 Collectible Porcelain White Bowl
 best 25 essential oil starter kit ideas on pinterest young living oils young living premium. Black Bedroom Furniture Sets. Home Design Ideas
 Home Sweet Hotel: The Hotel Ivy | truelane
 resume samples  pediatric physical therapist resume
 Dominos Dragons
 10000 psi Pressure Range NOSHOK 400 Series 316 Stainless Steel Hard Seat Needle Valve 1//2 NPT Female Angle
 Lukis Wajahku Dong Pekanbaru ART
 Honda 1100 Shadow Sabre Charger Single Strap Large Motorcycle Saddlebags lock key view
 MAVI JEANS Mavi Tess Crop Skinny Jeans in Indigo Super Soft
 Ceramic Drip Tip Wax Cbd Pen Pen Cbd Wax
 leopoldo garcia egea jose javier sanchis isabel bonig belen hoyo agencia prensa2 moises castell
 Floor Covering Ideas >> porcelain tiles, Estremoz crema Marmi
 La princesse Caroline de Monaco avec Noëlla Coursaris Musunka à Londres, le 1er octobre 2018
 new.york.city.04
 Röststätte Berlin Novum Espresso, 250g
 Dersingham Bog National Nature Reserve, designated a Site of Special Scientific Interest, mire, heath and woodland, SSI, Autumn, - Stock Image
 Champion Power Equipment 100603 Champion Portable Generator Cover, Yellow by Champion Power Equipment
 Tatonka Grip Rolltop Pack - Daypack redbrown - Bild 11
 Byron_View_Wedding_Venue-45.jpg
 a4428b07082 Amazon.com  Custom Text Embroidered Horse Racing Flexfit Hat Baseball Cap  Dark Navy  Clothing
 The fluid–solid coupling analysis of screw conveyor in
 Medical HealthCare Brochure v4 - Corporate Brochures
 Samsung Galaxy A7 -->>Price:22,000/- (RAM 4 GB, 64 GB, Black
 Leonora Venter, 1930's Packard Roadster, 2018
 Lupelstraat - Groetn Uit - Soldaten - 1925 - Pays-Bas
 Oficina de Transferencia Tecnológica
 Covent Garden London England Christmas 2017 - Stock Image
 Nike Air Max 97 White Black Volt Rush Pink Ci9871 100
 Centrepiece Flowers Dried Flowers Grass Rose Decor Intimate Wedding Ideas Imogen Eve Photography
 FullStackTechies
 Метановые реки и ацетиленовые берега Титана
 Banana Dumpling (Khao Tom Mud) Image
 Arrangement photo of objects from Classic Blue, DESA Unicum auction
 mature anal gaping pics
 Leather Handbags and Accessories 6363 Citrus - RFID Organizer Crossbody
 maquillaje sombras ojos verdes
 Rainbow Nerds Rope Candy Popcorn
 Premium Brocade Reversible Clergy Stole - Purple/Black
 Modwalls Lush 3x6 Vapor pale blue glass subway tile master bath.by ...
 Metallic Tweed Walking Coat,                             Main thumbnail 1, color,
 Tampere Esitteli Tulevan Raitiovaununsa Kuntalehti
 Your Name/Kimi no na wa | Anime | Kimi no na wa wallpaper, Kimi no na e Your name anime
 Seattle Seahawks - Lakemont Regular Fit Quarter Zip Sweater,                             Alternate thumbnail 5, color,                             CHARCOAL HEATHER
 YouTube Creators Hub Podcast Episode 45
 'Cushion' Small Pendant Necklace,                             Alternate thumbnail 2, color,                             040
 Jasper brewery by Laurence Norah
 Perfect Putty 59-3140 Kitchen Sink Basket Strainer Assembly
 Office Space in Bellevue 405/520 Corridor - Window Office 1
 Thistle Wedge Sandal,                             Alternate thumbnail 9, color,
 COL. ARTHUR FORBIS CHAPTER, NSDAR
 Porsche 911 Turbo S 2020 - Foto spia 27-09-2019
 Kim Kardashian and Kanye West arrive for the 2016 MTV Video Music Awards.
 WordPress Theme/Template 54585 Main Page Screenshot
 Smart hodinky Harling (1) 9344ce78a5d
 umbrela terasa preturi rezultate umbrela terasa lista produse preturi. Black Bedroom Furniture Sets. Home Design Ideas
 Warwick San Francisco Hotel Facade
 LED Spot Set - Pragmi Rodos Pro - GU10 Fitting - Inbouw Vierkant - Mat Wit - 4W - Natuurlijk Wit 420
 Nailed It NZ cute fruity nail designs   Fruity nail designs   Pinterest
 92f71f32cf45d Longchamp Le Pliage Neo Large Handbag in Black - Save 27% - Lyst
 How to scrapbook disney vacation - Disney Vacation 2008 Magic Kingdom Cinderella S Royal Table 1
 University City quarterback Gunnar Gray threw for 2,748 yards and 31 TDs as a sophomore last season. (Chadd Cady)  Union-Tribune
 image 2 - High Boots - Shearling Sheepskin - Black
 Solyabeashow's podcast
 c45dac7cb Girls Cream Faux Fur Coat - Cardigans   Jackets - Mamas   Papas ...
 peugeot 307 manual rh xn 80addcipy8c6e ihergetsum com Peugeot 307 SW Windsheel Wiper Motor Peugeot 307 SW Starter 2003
****************
▸ **PROBLEM**: Write out a verbatim copy of the data, beginning with its first line and ending with the line that contains "Leonora Venter, 1930's".

▸ **RESULT OF THE TASK**:
 Collectible Porcelain White Bowl
 best 25 essential oil starter kit ideas on pinterest young living oils young living premium. Black Bedroom Furniture Sets. Home Design Ideas
 Home Sweet Hotel: The Hotel Ivy | truelane
 resume samples  pediatric physical therapist resume
 Dominos Dragons
 10000 psi Pressure Range NOSHOK 400 Series 316 Stainless Steel Hard Seat Needle Valve 1//2 NPT Female Angle
 Lukis Wajahku Dong Pekanbaru ART
 Honda 1100 Shadow Sabre Charger Single Strap Large Motorcycle Saddlebags lock key view
 MAVI JEANS Mavi Tess Crop Skinny Jeans in Indigo Super Soft
 Ceramic Drip Tip Wax Cbd Pen Pen Cbd Wax
 leopoldo garcia egea jose javier sanchis isabel bonig belen hoyo agencia prensa2 moises castell
 Floor Covering Ideas >> porcelain tiles, Estremoz crema Marmi
 La princesse Caroline de Monaco avec Noëlla Coursaris Musunka à Londres, le 1er octobre 2018
 new.york.city.04
 Röststätte Berlin Novum Espresso, 250g
 Dersingham Bog National Nature Reserve, designated a Site of Special Scientific Interest, mire, heath and woodland, SSI, Autumn, - Stock Image
 Champion Power Equipment 100603 Champion Portable Generator Cover, Yellow by Champion Power Equipment
 Tatonka Grip Rolltop Pack - Daypack redbrown - Bild 11
 Byron_View_Wedding_Venue-45.jpg
 a4428b07082 Amazon.com  Custom Text Embroidered Horse Racing Flexfit Hat Baseball Cap  Dark Navy  Clothing
 The fluid–solid coupling analysis of screw conveyor in
 Medical HealthCare Brochure v4 - Corporate Brochures
 Samsung Galaxy A7 -->>Price:22,000/- (RAM 4 GB, 64 GB, Black
 Leonora Venter, 1930's Packard Roadster, 2018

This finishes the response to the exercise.